Затем пришло время поклониться. Лайла первой приблизилась к подножию изваяния и встала на колени перед жертвенником, изображавшим рукоять и часть лезвия того меча, которым Талос повергал змея. Она коснулась основания и склонила голову в неслышной молитве. Затем, когда его мать поднялась и отошла, Харальд проделал то же самое.
За ними следовал Ульфрик. Едва он прочёл молитву, как над жертвенником зажглось и быстро спустилось вниз разноцветное сияние, окутало Ульфику руки, осветило голову и плечи. Благословение Талоса. Все знали, что бог Войны и Власти не благословляет никого. Это часто служило поводом для насмешек со стороны эльфов, говоривших о ложности и смехотворности человеческой веры в бога-воителя.
Завидев происходящее, Нура радостно воздела руки к небу и громко провозгласила:
— Вот, смотрите! Талос явил нам своё чудо через этого человека. Никто из маловерных, сомневающихся, никто из богохульников и отступников более не посмеет усомниться в подлинности и силе Талоса Бурерождённого! Защитника и утешителя всех нас! Отныне…
Нура, излишне перевозбудившись, никак не хотела замолкать, хотя сам Ульфрик уже морщился и прикрывал глаза, но она смотрела не на него, она смотрела лишь в небеса. Элисиф хотелось хотя бы даже зажать уши, но сделать этого было нельзя. На Довакина, как и на любого из Седобородых Высокого Хротгара, тоже снизошло бы благословение Талоса, и что же? Наконец, Нура смолкла, хотя народ продолжал шуметь. Теперь Элисиф приблизилась к жертвеннику и встала на колени. Склонив лицо, зашептала:
— Почему ты выбрал себе столь гнусных и недостойных… — и закусила губу. Довакин — творение Акатоша, как и Святая Алессия, как и сам Талос, как и все драконы — те, кто царили над Тамриэлем в древние времена, правили жестоко и безжалостно; а Ульфрик прилежно учился Пути Голоса целый десяток лет, и сам же говорит, что любому норду под силу овладеть Ту’умом. Глубоко вздохнув, она быстро прошептала выученную в детстве молитву и поднялась. Наблюдая, как люди подходят к жертвеннику один за другим, сказала Ульфрику:
— Сегодня весь Рифтен видит, до чего важен и ценен будущий король.

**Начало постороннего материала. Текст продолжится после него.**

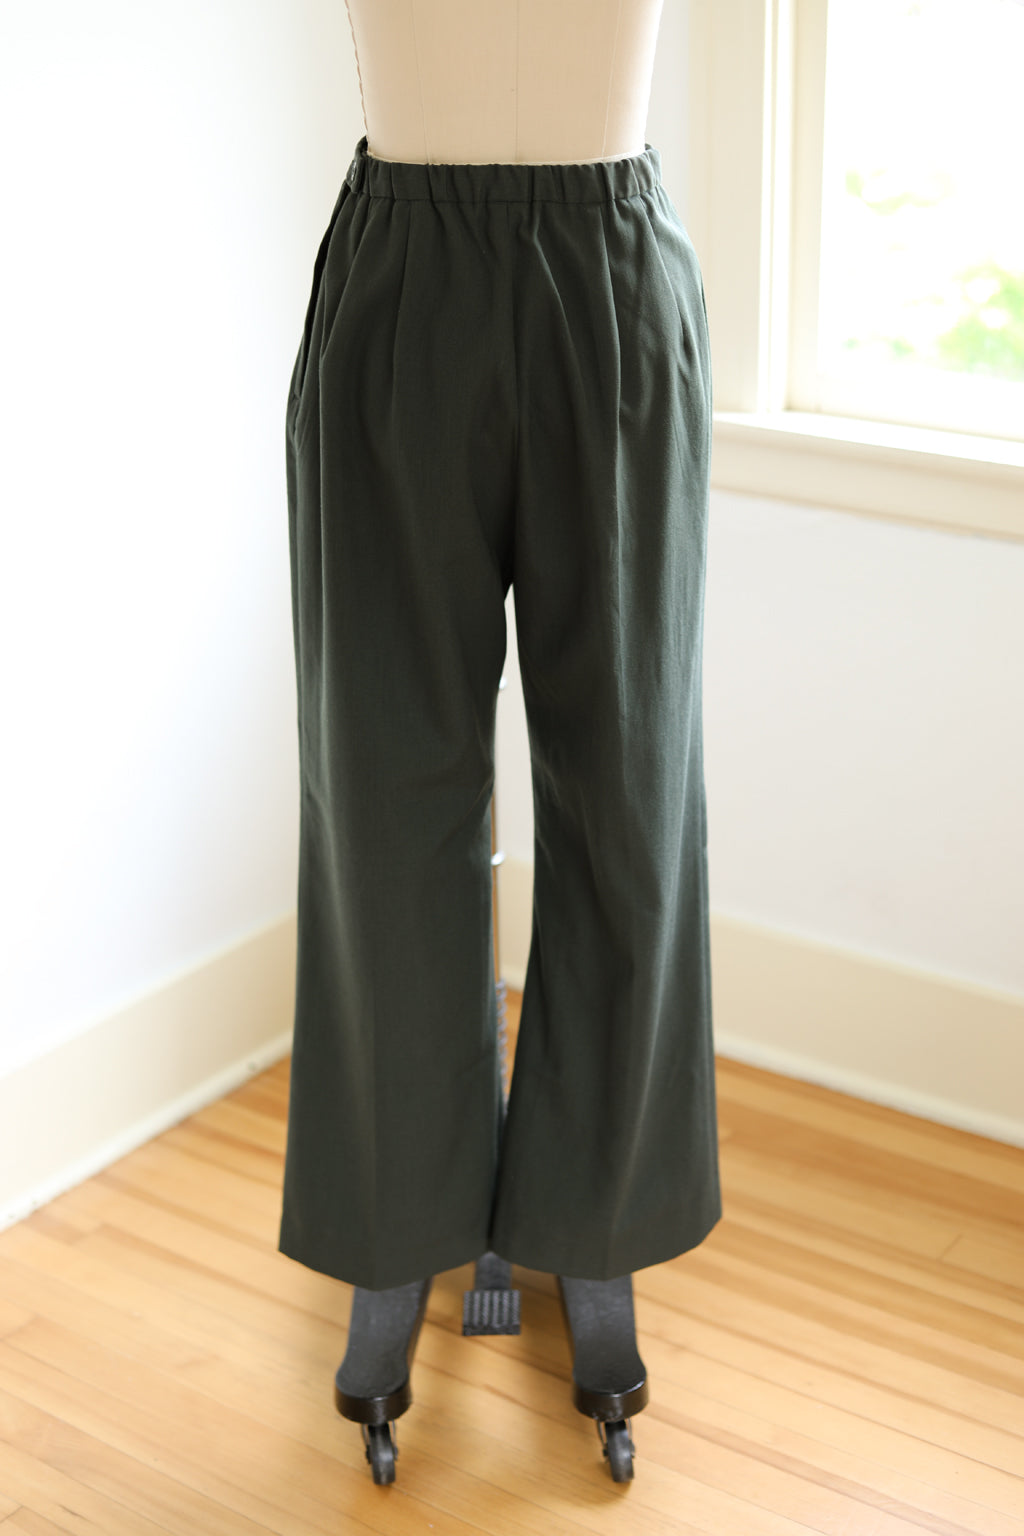 Grey High Waisted Wide Leg Trousers - 1930s & 40s style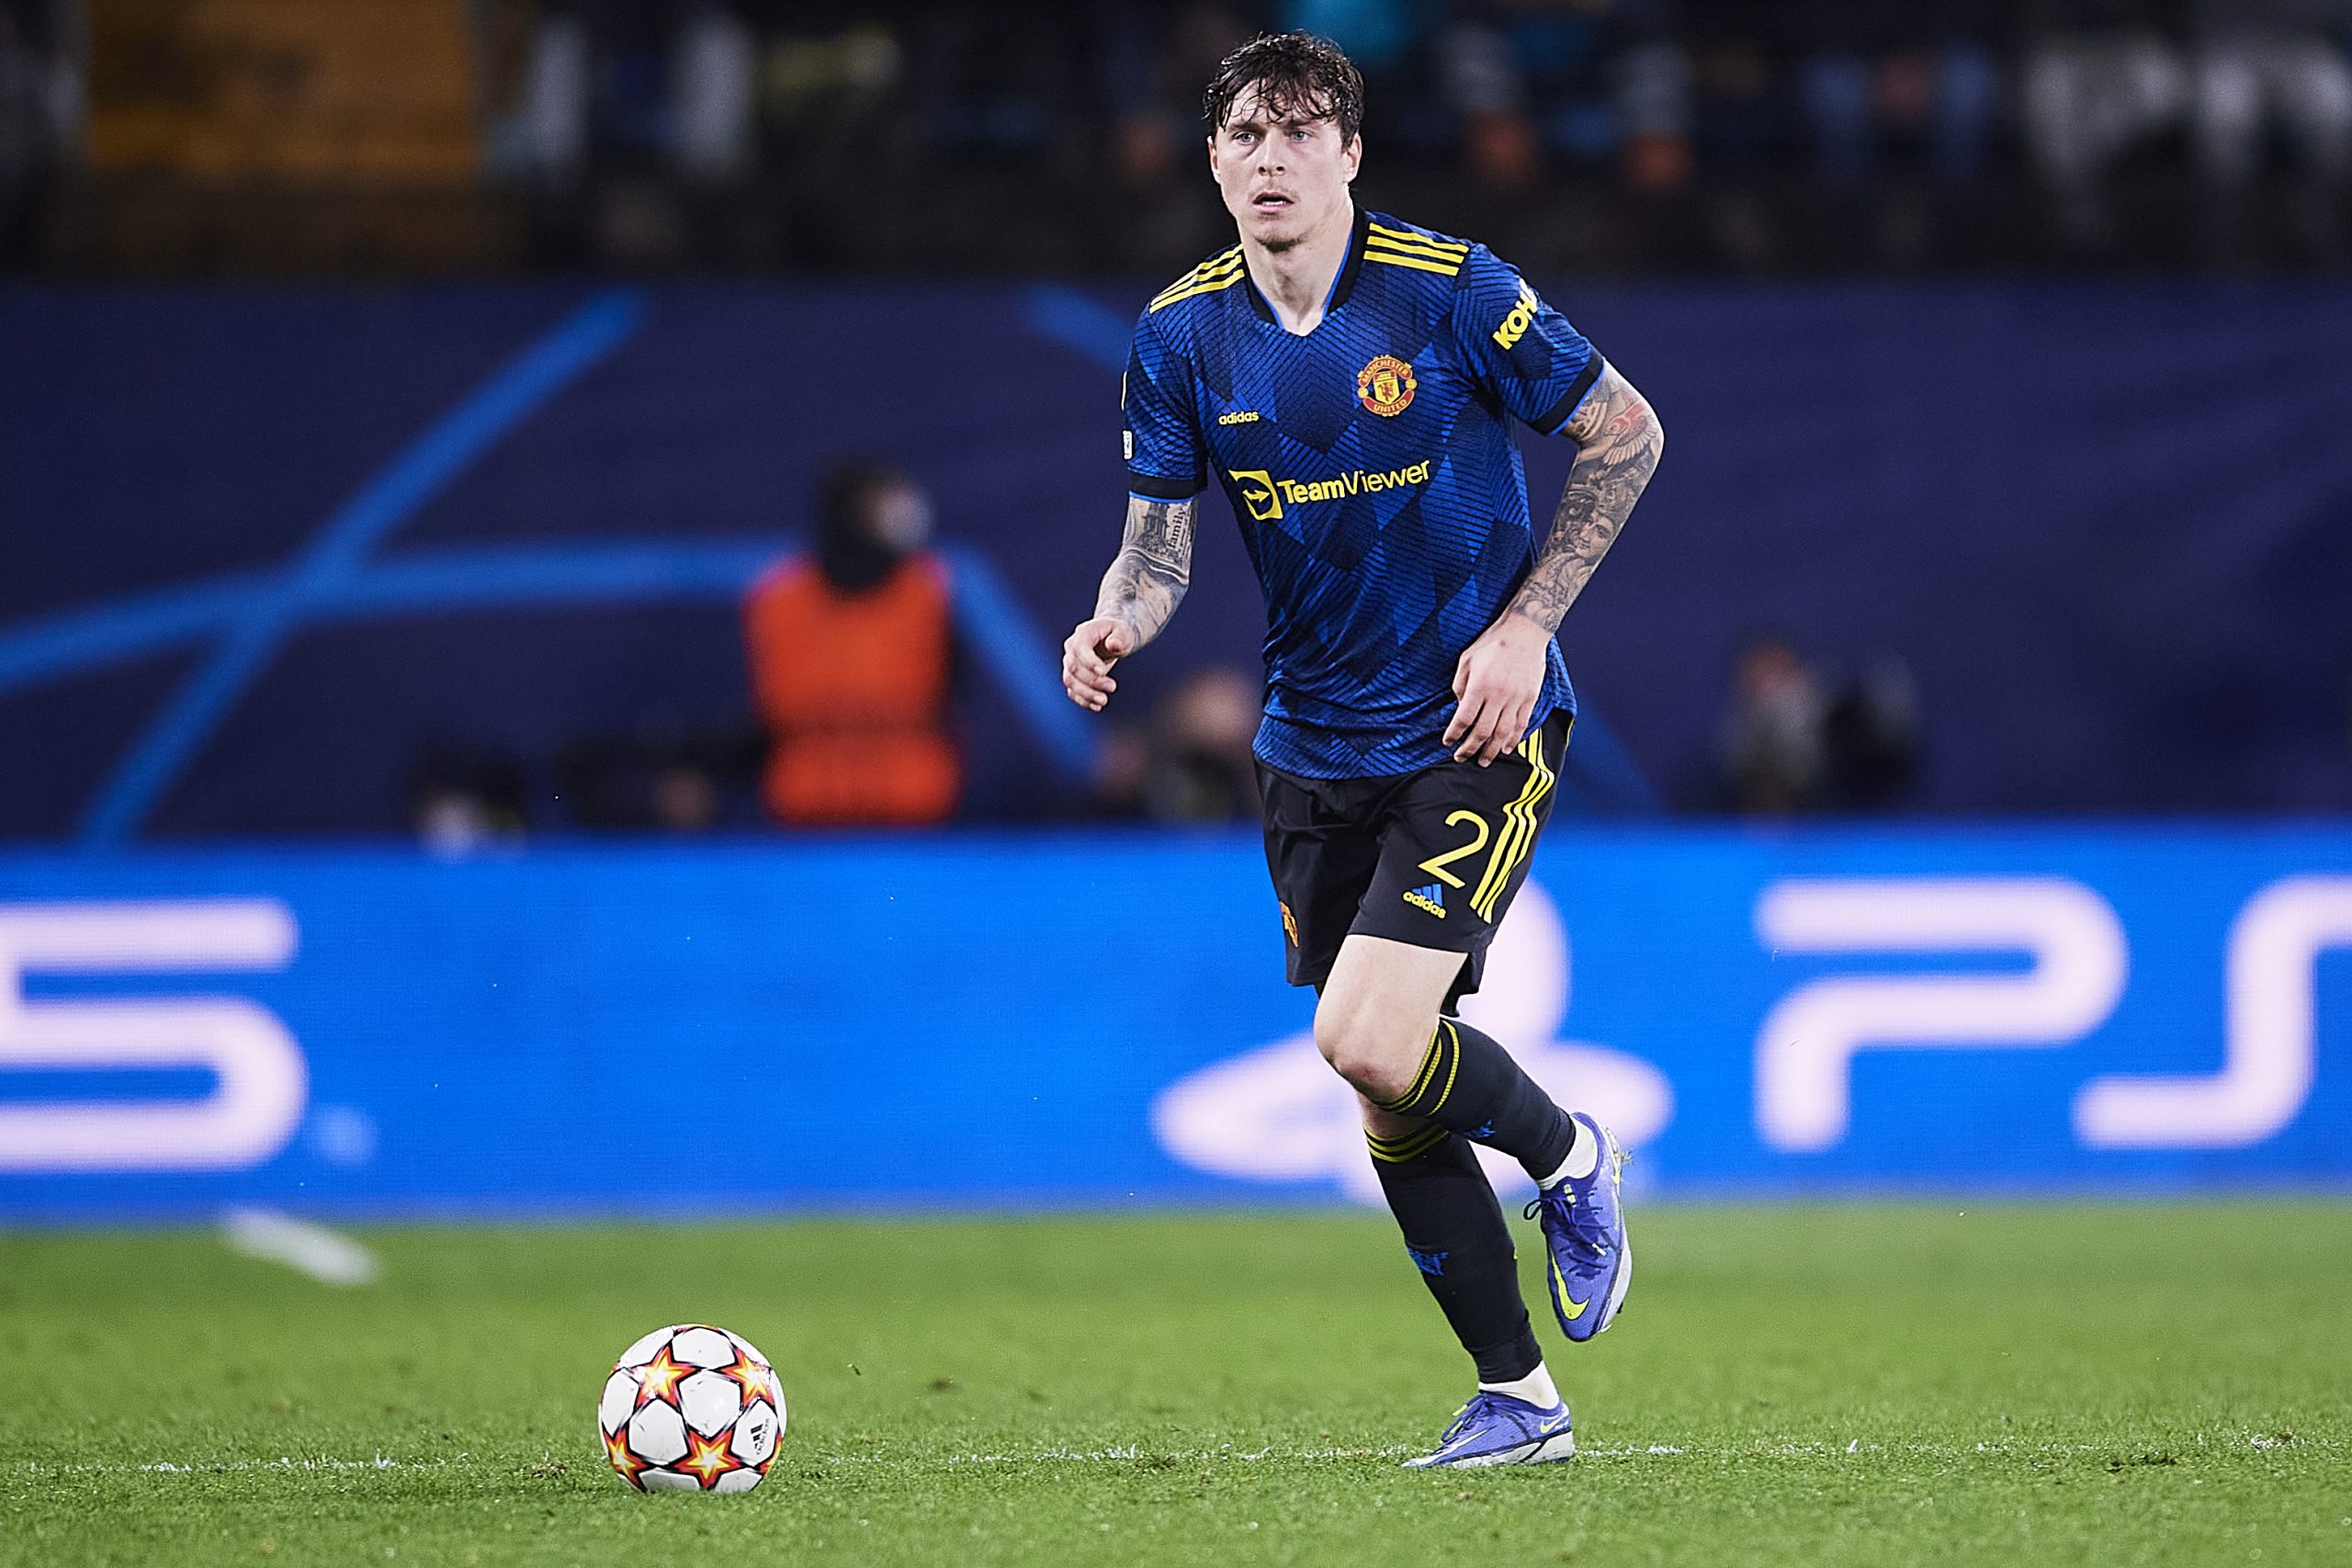 Galatasaray thinking about making a move for Manchester United centre-back Victor Lindelof.

Ульфрик лишь ухмыльнулся. Ничего необыкновенного и неожиданного не случилось, в общем-то. На недавних службах в Солитьюде и Вайтране, как и, разумеется, постоянно в Виндхельме, благословение Талоса точно так же нисходило на него.
Натягивая обратно перчатки — белоснежные с дышащим красно-золотым пламенем алым драконом и закованными в чёрное двумя драконоборцами с серебряными луками в руках — она обронила:
— Вот только будущему королю следовало стать Седобородым, а не развязывать войну на родной земле.
Он жёстко ответил:
— Не так уж и плохо ты себя чувствуешь, как вижу.
Ей сегодня нездоровилось, боль внизу живота привычно усилилась с утра, жар будто разгорался и тлел внутри, и ноги держали неохотно. Когда она проснулась в залитой кровью рубахе и на испачканной простыне, за окнами уже вовсю светило утреннее солнце. Спешно приведя себя в порядок в мыльне, она вернулась под одеяло. Видя её беспокойство и негодование, Ульфрик ничуть не смутился, только заметил, что зелье не подвело, а причина её нелепого поведения теперь ясна. Очень хотелось остаться в покоях, чтобы не видеть сегодня ни его, ни всех прочих в этом замке, но такого ей точно не дозволили бы.
Лайла и Харальд оставили их, чтобы поговорить с Нурой, Клинки Бури и Идгрод пока ожидали возможности поклониться, зато Мавен Чёрный Вереск в сопровождении дочери и телохранителя решительно подошла и заявила:
— Ульфрик! Уже четвёртый день, как ты меня словно не замечаешь!
— Мавен, сжалься. Две свадьбы подряд. Мне было немного не до тебя, уж извини. Кстати, как себя чувствует твоя невестка? Мы вчера, выйдя прогуляться, видели, как её чуть не под руки тащили к вашей повозке.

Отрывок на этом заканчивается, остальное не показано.